En ese poema que mencionas, “Confesión”, entre los motivos que pones para escribir, encuentro el tratar de acceder a lo otro. A lo otro y al otro. En algún momento dice: escribo “para tener lo que no tengo y escuchar lo que nunca me dijeron.”

En eso, yo he pensado que muchas veces lo que uno escribe es lo que desearía vivir y que no vive y que existe sólo en la escritura. Comparto la idea de todos los poetas que dicen que en el poema se construye una vida autónoma. El poema tiene vida por sí misma. Por ejemplo, el libro “Tormenta Transparente” lo escribí a lo largo de un año después de hacer otros trabajos, durante la tarde estaba trabajando haciendo reseñas y eso, y entonces viví durante un año sentado a la mesa donde estaba escribiendo, una historia de amor intensísima. Que estaba nada más en el poema, porque en la realidad no existía nada de eso. Lo que quiere decir que en el poema se crea vida autónoma. El poema suple la vida que no se vive. Por eso no estoy muy de acuerdo con aquellos que unen de forma absoluta vida y creación artística o vida y poesía, porque en la poesía puede haber un aliento, por ejemplo de pureza, que no exista en tu vida, que en la poesía exista un amor que tampoco exista. Hay escritores, poetas en general, que en su vida son malas personas y que sin embargo escriben obras llenas de solidaridad, de amor, de bondad. Quiero decir, ¿quién es más verdadero, el hombre o lo que se ha escrito? Eso ya no lo sé, pero la escritura no es reflejo inmediato de la vida, sino sustitución de la vida.

Un mundo separado...

Puede haber una vinculación mayor o menor. Un poema puede partir de una experiencia muy real, pero eso en la escritura del poema se transforma, y

surge una realidad diferente, aunque algo haya de la biografía del autor. El autor se crea su propio mundo. Hay quienes dicen que en la poesía no existe ficción y yo considero que sí. Un poema hace ficción, incluso el poeta crea personajes para expresar determinados sentimientos o ideas, sólo que el lenguaje actúa de manera diferente en la poesía.

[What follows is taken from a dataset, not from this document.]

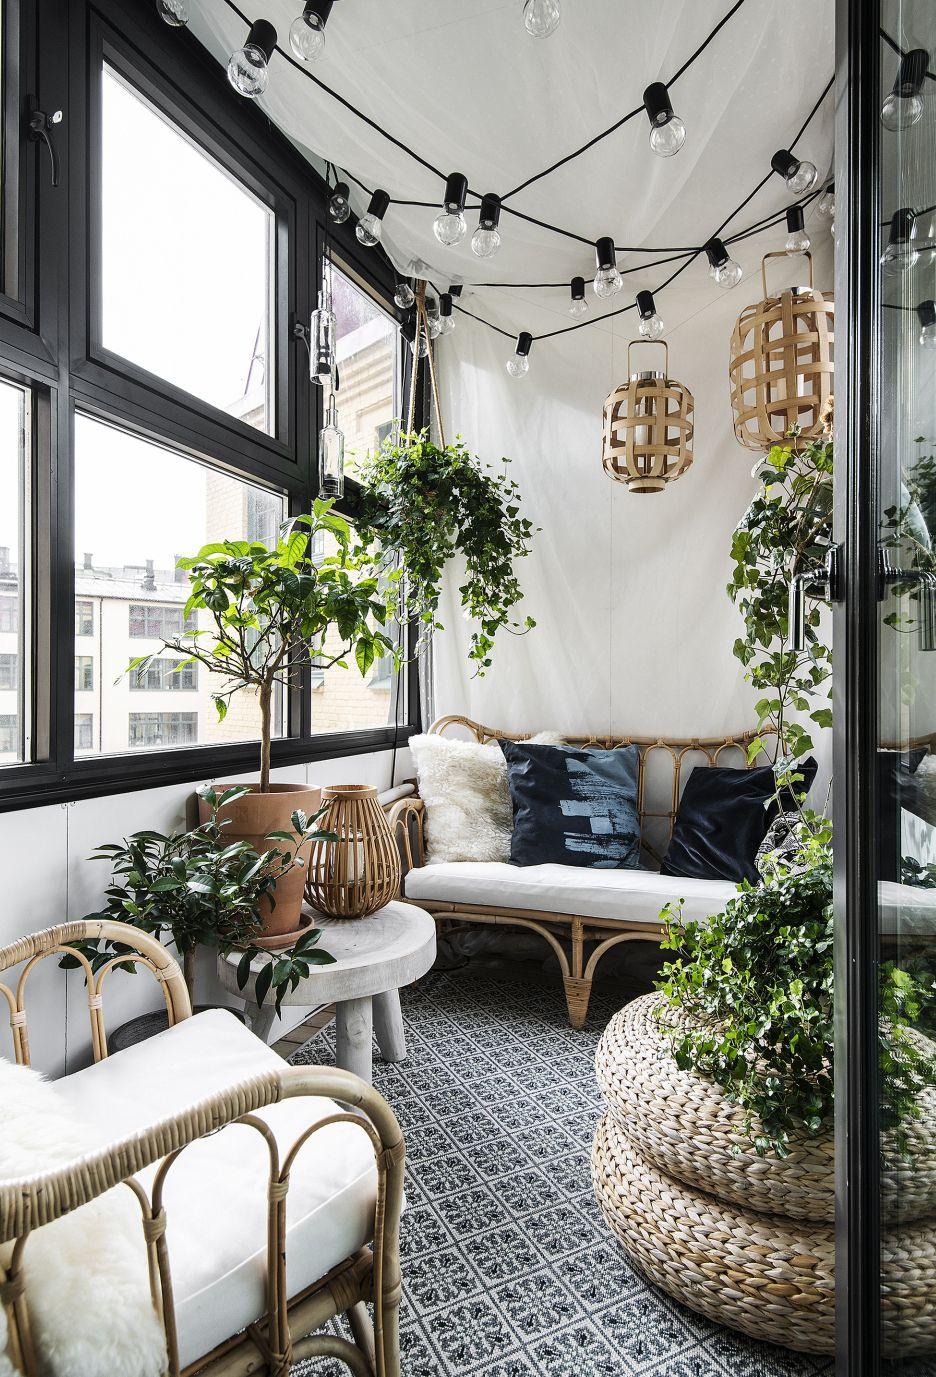 Photo of Cet appartement de 57m2 situé dans une ancienne usine possède un jardin d'hiver – PLANETE DECO a homes world

¿Te refieres a una poesía narrativa?

Pues sí, se utilizan personajes para expresar sentimientos ocultos íntimos pero a través de un personaje, un tercero. Esa creación de otros “yo”, la solía hacer Luis Cernuda. Y otras veces, lo interpuesto no es un personaje, sino que puede ser otra obra de arte, una pintura, incluso películas. Que sirven como catalizador de lo que se quiere decir, y para expresar los sentimientos de quien escribe, que lo articula a través de ese medio.

Sobre eso mismo, de que en el mundo poético se puede crear aquello que no existe en el mundo real. Si en el mundo fáctico el amor es una imposibilidad o una ausencia, ¿el que aparezca en el otro mundo, en el poético, puede ser el engaño?

A través de las palabras se puede crear realmente ese amor que no existe en la realidad. A mí me gusta, en mi poesía amorosa, especialmente “Tormenta Transparente”, es un canto, una celebración del amor en sí mismo. Hay un poema que se llama “No llega”, que todo el poema es cómo estamos pendientes, desde que nos levantamos hasta acostarnos, de algo que deseamos que ocurra, y que no va a ocurrir. Estamos seguros, de un encuentro que sabemos no se va a producir, cada día se renueva el deseo de tener ese encuentro:
Aunque no vengas/ yo saldré a esperarte/ en mi cultivo diario/ de un sueño mío contigo,/ ...

Al final del poema vengo a decir que, por encima de que se produzca, sea o

no un engaño, el amor es inmortal. Por encima de eso. Más allá de la figura, de la existencia de una figura:
Tempero de humo amor es hoy,/ pero amor siempre,/ pues hasta en lo que niega es inmortal.

También otro de tus libros, “Hondo es el resplandor”, lo leí como un canto al amor, pero al amor como un recuerdo. Mientras en el primer poema hablas de que: "la memoria alumbra un cuerpo con la forma de los dos,/ pero sabes que la memoria late sin superficie:/ es sólo resplandor", en el último poema, dos amados se toman de la mano y van hacia lo que “es sólo resplandor”, hacia la memoria.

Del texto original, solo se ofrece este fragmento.